Si creemos que los perros son buenos por naturaleza y que jamás nos van a engañar, la ciencia llegó para demostrarnos que esa afirmación es falaz. Un experimento del departamento de Biología Evolutiva de la Universidad de Zúrich, evidencia que los perritos saben usar el llamado "engaño táctico" para conseguir comida.

Los científicos llegaron a esa conclusión después de varias pruebas con un grupo de perros de distintos sexos, razas y edades. Todos ellos interactuaban con tres humanos: su dueño, que siempre mostraba una actitud cooperativa con el animal; y dos extraños a los que conocían poco: uno (vamos a decirle "el cooperador") que siempre le daba la comida en un recipiente; y otro que siempre se guardaba el alimento y se convertía en un "competidor" a ojos del perrito.

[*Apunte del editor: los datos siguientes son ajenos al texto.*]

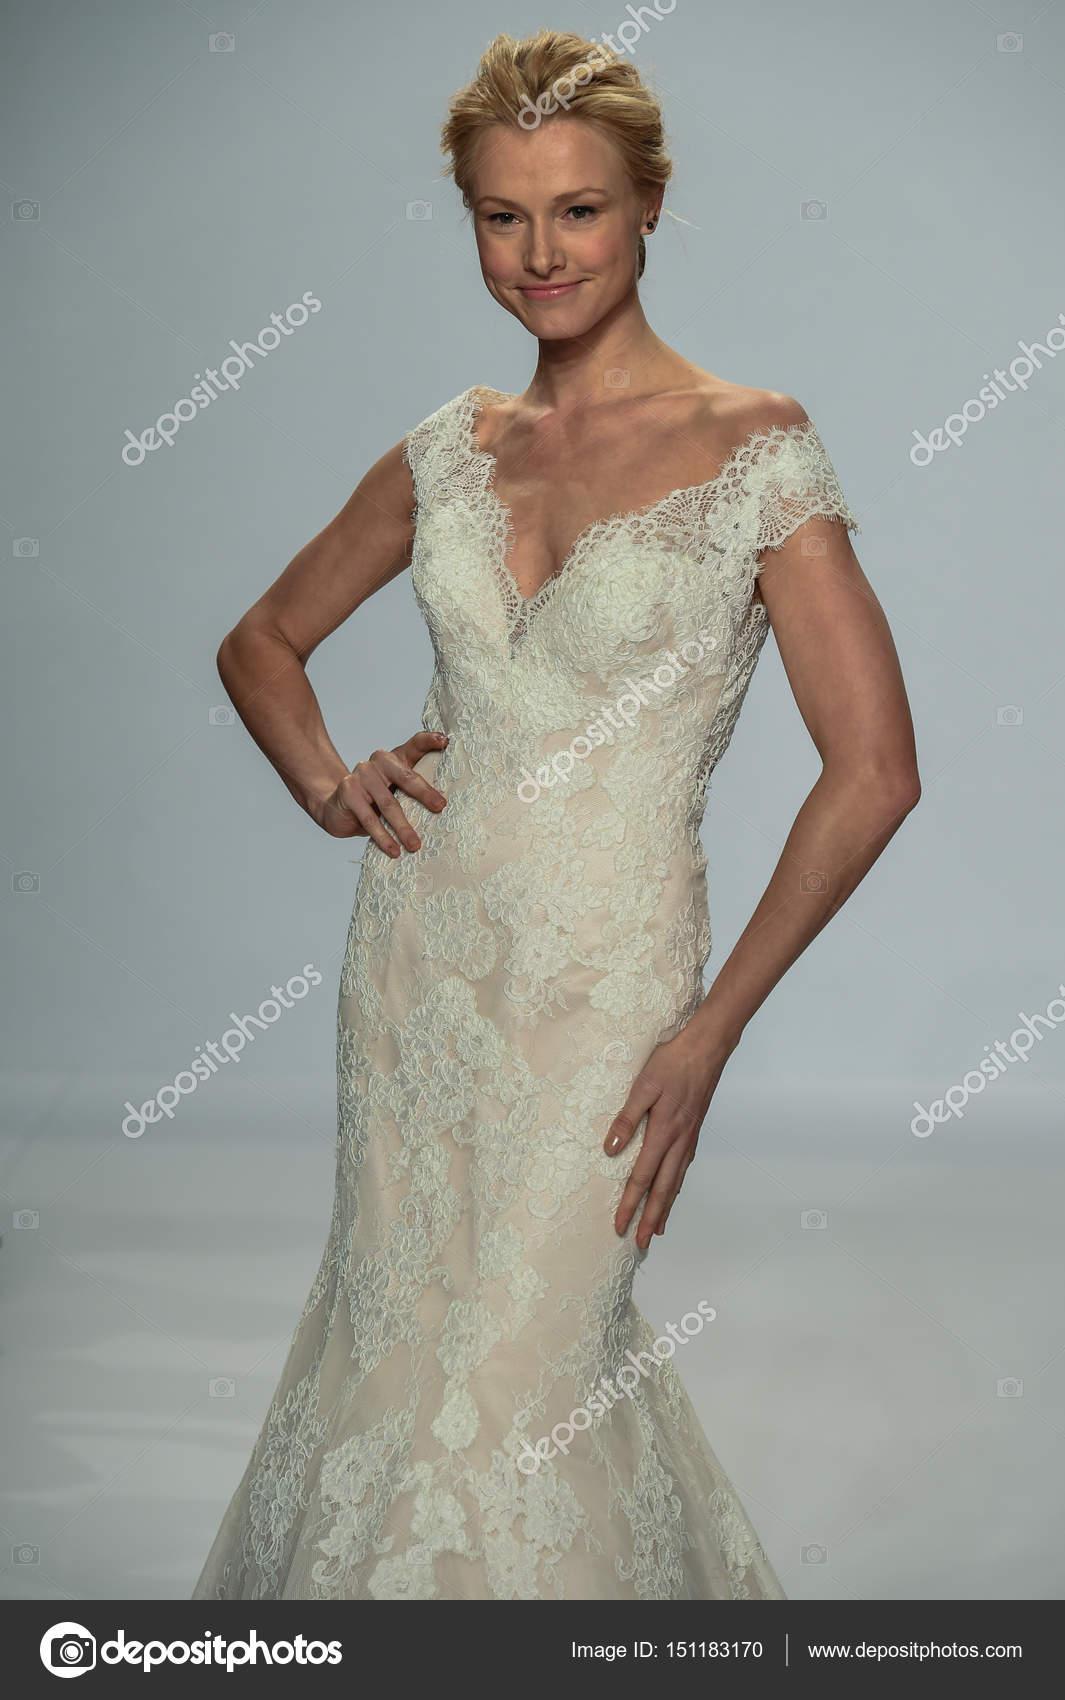 Voir La Randy Fenoli Bridal Photo éditoriale Fashionstock 151183170

Cuidado, todo puede ser un truco para comer

"Los perros tenían la opción de llevar a uno de los dos extraños a tres potenciales fuentes de comida: una caja que contenía un alimento del gusto del animal; otra con uno que lo dejaba indiferente; y una tercera siempre vacía. Después, el perro siempre tenía la posibilidad de conducir a su dueño a uno de los lugares con comida. De esta forma, el animal se beneficiaría de engañar a su competidor, porque aprendía que luego había otra oportunidad de recibir su bocado favorito por parte de su amo", explican quienes llevaron adelante la investigación.

Cuando era el cooperador el que los acompañaba, los perros casi siempre lo conducían a la caja donde se ocultaba su alimento preferido. Cuando era el competidor, los animales solían llevarlo al recipiente vacío, porque sabían que, después, llegaría su dueño y les daría comida.

Los resultados muestran cómo los perros distinguían a los humanos que podían darle comida y eran buenos con ellos y a los competidores. A partir de eso, medían su comportamiento en función de esta diferencia.

Así que ya saben, si al perrito de su amigo o su vecino no le dan comida, seguramente éste los considere un competidor y busque engañarlos a toda costa.